For me, it's just trying to make my life more ‘true’. And I don't know if that's ‘true’, in an absolute sense, but just relative to me. I guess the whole Buddhist dogma is ‘how can we alleviate suffering?’ and I think, just communicating emotions is a big part of it. Recognising the emotions that come in. It's not blocking out the emotion... it's seeing the wave come in and just like observing it. Maybe you have to ride through it, maybe it washes away, but you just observe it.





What qualities do you think going to the Ponds add to your life?
It gives me a sense of peace and calmness, and it’s also great for resilience. It makes you do things you don’t necessarily want to. I think it’s good for challenging your idea of what you want at a particular time vs what is actually good for you.

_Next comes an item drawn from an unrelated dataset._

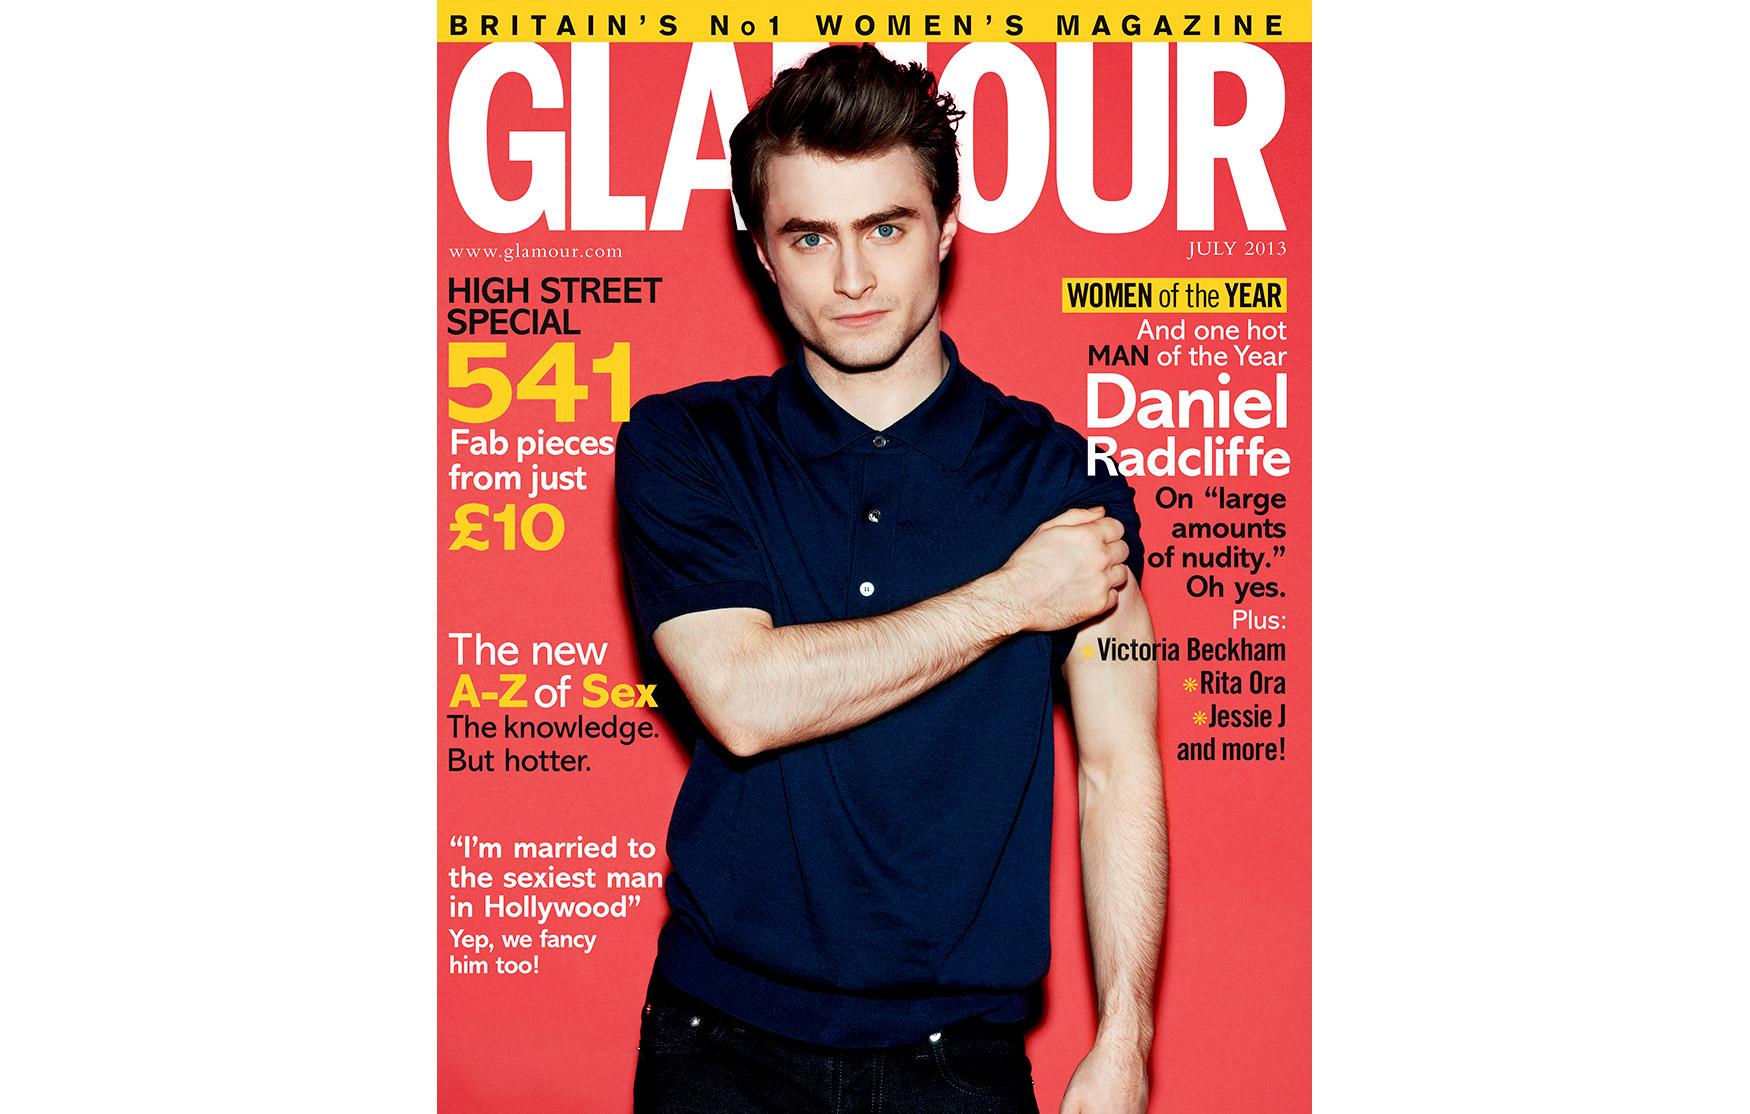 Glamour_DanielRadcliff_cover.jpg

When it's like dead winter in February, and it's freezing outside, you look out the window and it's just grey, drab, and cold. Then to go swim- I find it very hard to go by myself. I need a friend to go with and we both motivate each other to go. I think we're better for it. Even if it's a bit gritty and cold. There's something about that shared experience that's so nice. You know, we always get cosy and warm afterwards.

I think this is definitely a realization that I have come to, that what we may want at a particular time is not the most important or beneficial thing personally, societally or environmentally. For example, kids always want ice-creams, but you can’t give them ice creams all the time.



Do you have a favourite memory at the Ponds?
Yeah, I do, my favourite memories have always been when it’s chucking it down with rain. You have the whole Pond to yourself, it’s so peaceful and calming. I remember a few years ago, I went with my dad and we both left with a big smile on our face.